Dashboard Order Developer FAQ
Login

 Introduction

 API call structure
 Scrape Google Search
 Scraping Bing Search
 Keyword Analytics
 Keyword rank tracker


 Source Code download

Basic API information

Minimal API link: https://scraping.services/api?user=_USER@ACCOUNT_&credentials=_CREDENTIALS_
API login: _USER@ACCOUNT_
API key: _CREDENTIALS_

Scrape Google Search

Any Google Search related API calls require the "&job_type=scrape_google_search"  parameter

By using the API it is possible to do the same tasks as by using your Google Search dashboard.

How to scrape:
  1. Create a Job
  2. Modify the job by adding keywords, up to 100.000
  3. Start the Job
  4. Download and store results (result details are available for 14 days within our database)

 

 The Job


A Job contains up to 100,000 keywords and all information required to scrape the keyword results from Google.
There is no limit on the number of Jobs that can be created, however each Job is identified by a unique identifier.

Job parameters:
  • Identifier
    [Alphanumeric]
    The identifier is a unique alphanumeric string. 
  • Results per Keyword
    [Numeric] 100,200,300 up to 1000, default 100
    The number of organic results to scrape per keyword
  • Priority
    [Numeric] 0-20, default 1
    The priority your job will receive among our scraping infrastructure, higher priority will reduce the time required to deliver results but increases the credit cost.
    A priority of 0 results in a significant credit cost reduction but only idle resources will be allocated to your job. This can result in unpredictable time to complete the Job.
  • Localization - Country
    [Country], default 'Default'
    The Google country to scrape results from (the list of countries can be found on this manual page)
  • Localization - Language
    [Language], default 'English'
    The localized language used during scraping, the language needs to fit to the selected country to receive accurate results.
  • Keywords
    A number of keywords to scrape results for


A job can be modified and deleted freely until it was started.

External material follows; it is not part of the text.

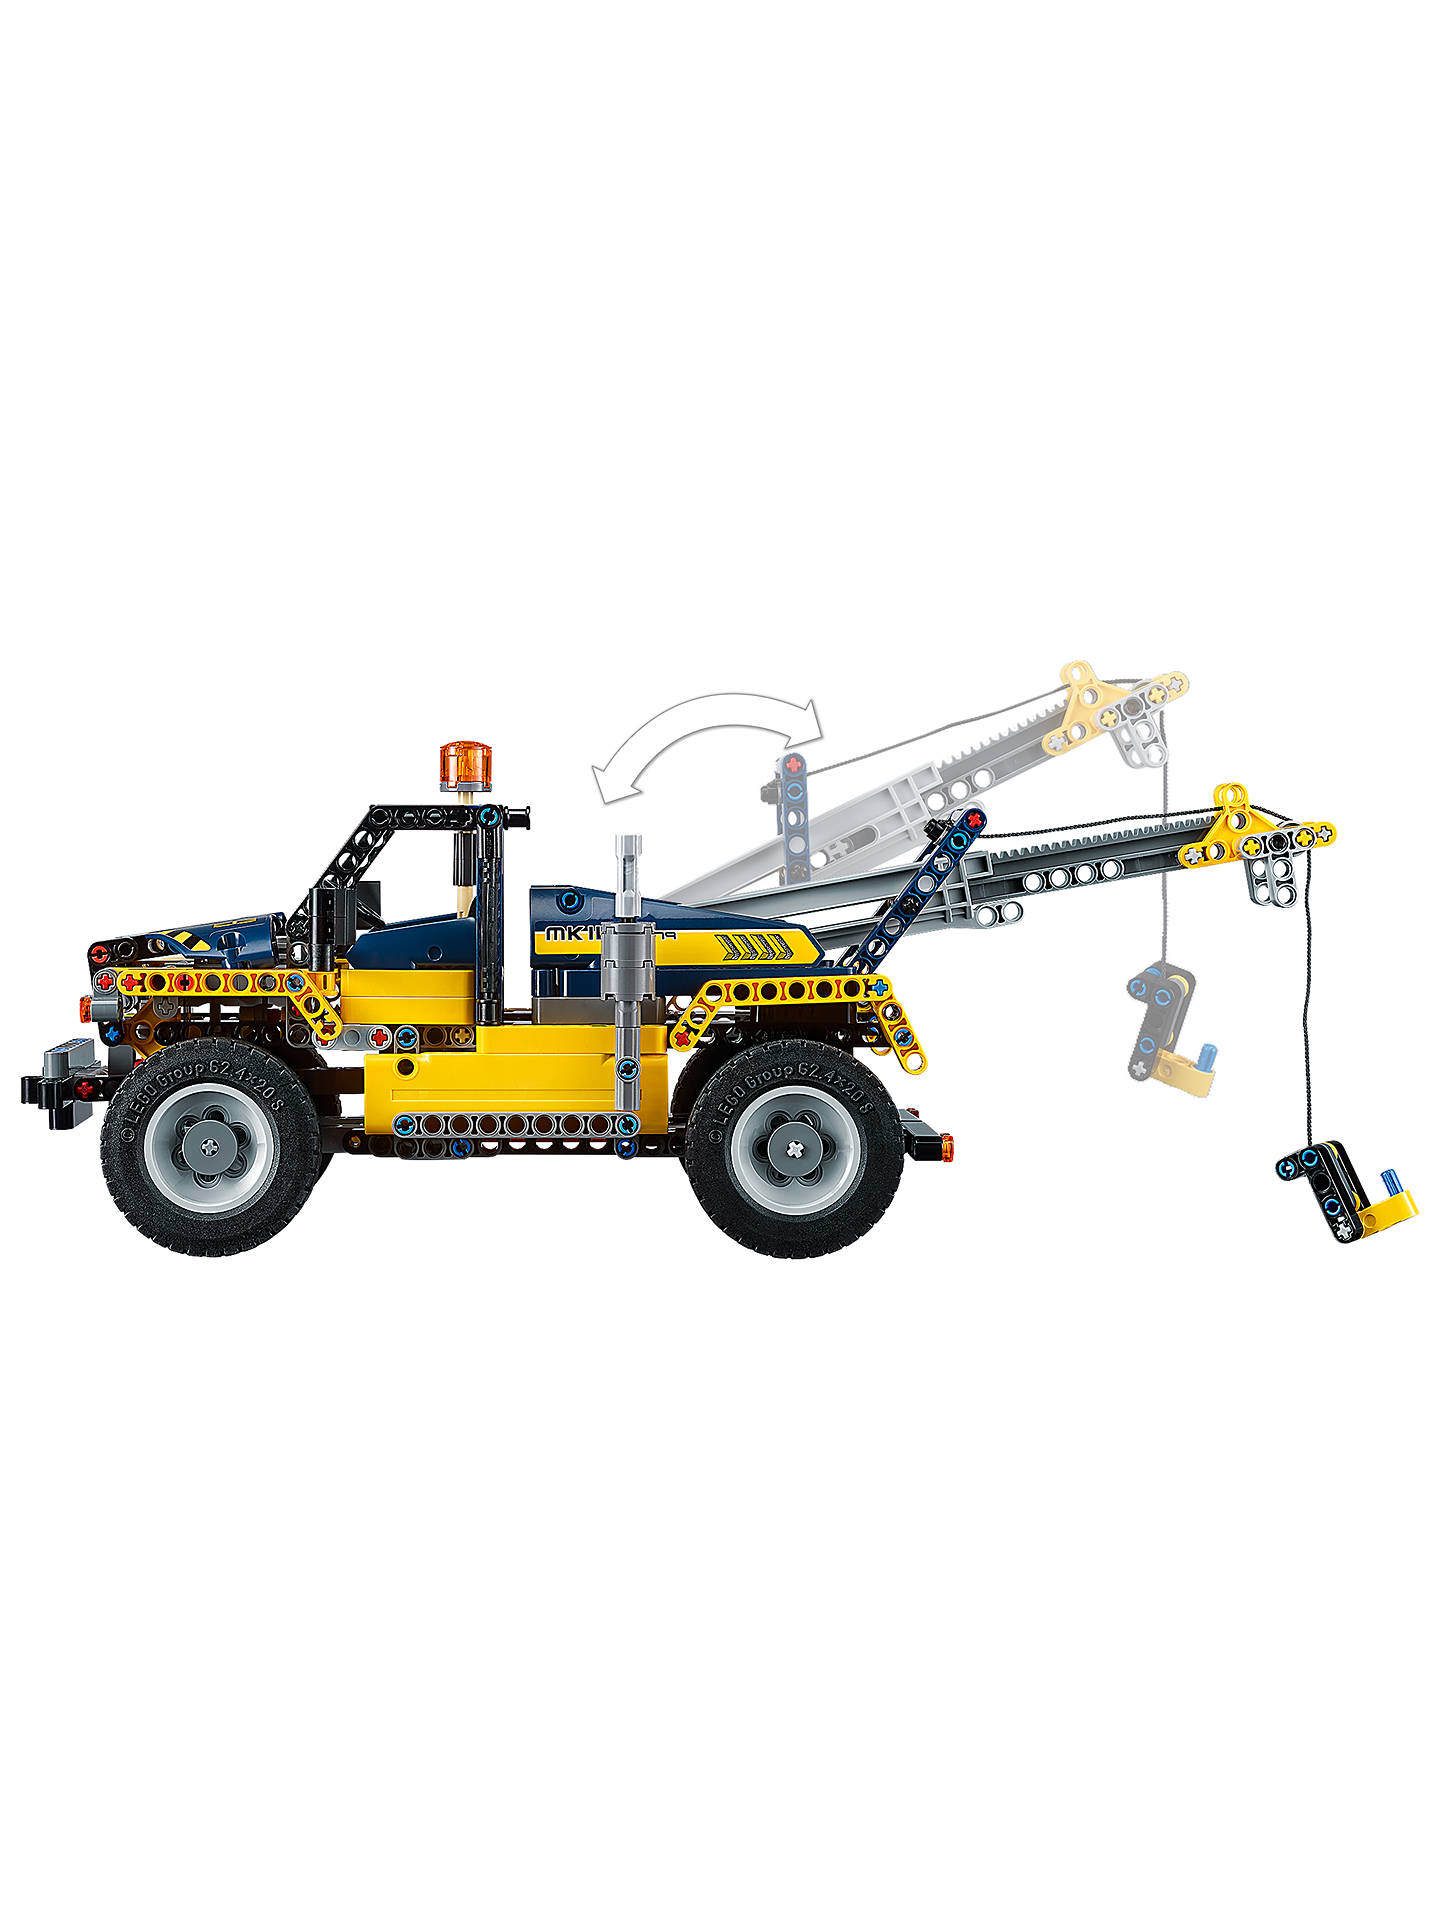 Lego Technic 42079 2 In 1 Heavy Duty Forklift At John Lewis Partners

The credit cost depends on Priority, Results per Keyword and the number of Keywords and will be deducted when the Job is started.
By using get_job it is possible to estimate the scraping timespan which depends on the selected priority and number results to scrape.
Once the job has been started it can not be modified anymore and will continue to run until finished.


 API Tasks

get_jobs: 
https://scraping.services/api?user=_USER@ACCOUNT_&credentials=_CREDENTIALS_&job_type=scrape_google_search&type=json&task=get_jobs

This API call will return up to 50 jobs. All details about the jobs are included except the keywords,result data and detailed progress.

The api task "get_job" can be used to retrieve progress details about one specific job.

 

Response example:

{
  "exceptions": [],
  "answer":
{
"jobs" :
[
  {
    "jobname": "first test",
    "created": "2016-04-11 03:20:21",
    "job_type": "scrape_google_search",
    "max_results": "100",
    "estimated_keywords": "4",
    "priority": "1",
    "finished": "2016-12-11 03:21:01",
    "credit_cost": "0.90",
    "start": "1",
    "progress": 100
  },
  {
    "jobname": "second test",
    "created": "2016-12-11 03:06:08",
    "job_type": "scrape_google_search",
    "max_results": "100",
    "estimated_keywords": "5",
    "priority": "1",
    "finished": "2016-12-11 03:13:01",
    "credit_cost": "0.90",
    "start": "1",
    "progress": 100
  }
  ]
}
}

- progress shows only 0 and 100, detailed values available through "get_job". Aborted or stopped jobs will always show 0
- finished null or "datetime", use this field to detect if a job was completed


get_job:

https://scraping.services/api?user=_USER@ACCOUNT_&credentials=_CREDENTIALS_&job_type=scrape_google_search&type=json&task=get_job&jobname=_JOBNAME_

This call is used to receive details about a specific job, especially once it has been started.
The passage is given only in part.